Стяжательство – удел хитрецов и честолюбцев, тех, кто воспринимает мир как арену борьбы. Воспринимать его иначе – дело немыслимо трудное, потому, вообще говоря, что всякое преуспеяние, выделение из среды равных иначе и невозможно, как через выбор цели. Однако Шейлок в целях предусмотрителен сверх всякой меры: даже в Библии, в заповедях своих предков он ищет оправдания стяжательству. И находит в ловкости Иакова:
… заметьте,
Что сделал он: условился с Лаваном,
Что всех ягняток пестрых он получит.
Когда же овцы, полные желанья,
Осеннею порой пошли к баранам
И дело зарожденья началось
Meж этой пышношерстною породой, –
Хитрец узоров ветки обдирал
И в самый миг зачатия их ставил
Он перед зачинающею маткой;
Зачавши так, приплод они несли–
Сплошь пестрый; все Иакову досталось.
Вот путь к наживе – он благословен…
Ели бы все было так просто!

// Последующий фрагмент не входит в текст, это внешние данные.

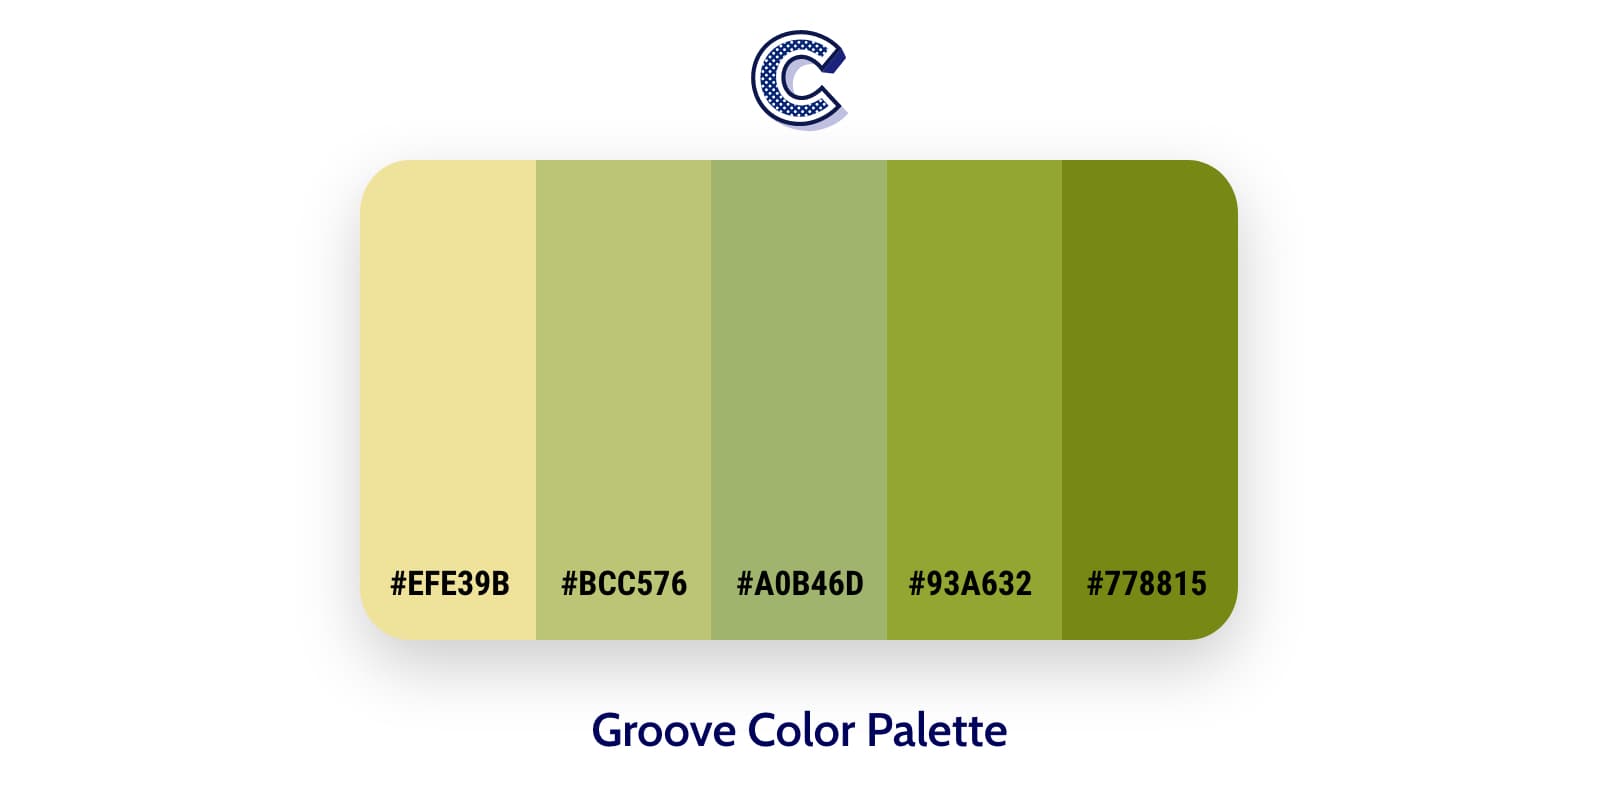 the featured image of groove color palette

Если бы это было так, этот пройдоха, взявший в заложники, вроде той овцы, даже собственную дочь Джессику, не знал бы столь сокрушительных поражений и зрители не сочувствовали бы его горю, позору и страданиям!
Шейлок отвержен не только по роду занятий – он ростовщик. К слову сказать, в шекспировское время выходцы с Востока и не могли рассчитывать на иные занятия, кроме торговли: участие в гражданской жизни было для них ограничено. Он отвержен не только по предрассудку семитизма, но и по свойствам характера; как заметил еще Пушкин, в нем намешано много чего: "Шейлок скуп, сметлив, мстителен, чадолюбив, остроумен". Ну и конечно, страстей у него хватает. Он прообраз тех коварных грязных таинственных восточных скряг, которые затем появятся и у Бальзака в романах, и у Пушкина, и у Гоголя в "Портрете". Даже этот возвышенный Антонио, такой предупредительный со всеми, называет его собакой и плюет на жидовский кафтан. Полная отверженность, чем, впрочем, не удивишь многих изгнанников. Казалось бы, перед нами законченный злодей, как Яго, как Ричард III. Но гений Шекспира в том и состоял, что он, в отличие от классицистов, у которых скупой только скуп, умел придать черты человечности даже злодею, возбуждая тем самым доверие читателя и зрителя к объемному выпуклому изображению. Шиллер или, скажем, Шелли в своей трагедии "Ченчи" ограничивается в подобном случае собранием уродств: их злодей – злодей до конца.
Шейлок не возбуждает в нас страха, отвращения, ужаса. Нет, напротив, подчас – жалость. Он – человек с подавленными, извращенными чувствами, он несчастен, он заслуживает сострадания, да ведь и наказан!
Джессика, "самый крупный бриллиант" Шейлока, убегает с Лоренцо. Нет сомнения, Шейлок любит и привязан к Джессике, но опять-таки сквозь призму золота, в надежде на пестрых ягняток, извращенно, бесчеловечно. Не позавидуешь родственникам денежных воротил в смысле личного их счастья. Для Шейлока очевидно, что виновник всех его проблем – Антонио. Но не может быть, чтобы он, Шейлок, с его чудовищным богатством не смог сломить врага! И Шейлок использует неосторожное поручительство Антонио – его благородный жест в пику низкому еврею; он, человек сильных, неудержимых страстей, загорелся, когда появилась реальная возможность потребовать с должника фунт мяса. Он, "угнетенный, угнетает сам", а угнетен он в нашем случае благородством, силой великодушия Антонио и симпатиями венецианцев к нему.
Претензии Шейлока доказательны, по крайней мере красноречивы. Он апеллирует к венецианским законам: с какой стати дож владеет рабами, а ему, бедному еврею, нельзя потребовать неустойку, – кто из них более прав? Он говорит, имея в виду рабов дожа:
Их, как своих ослов, мулов и псов,
Вы гоните на рабский труд презренный...
Так кто же чума, кто поработитель Венеции, – он, Шейлок, или дож?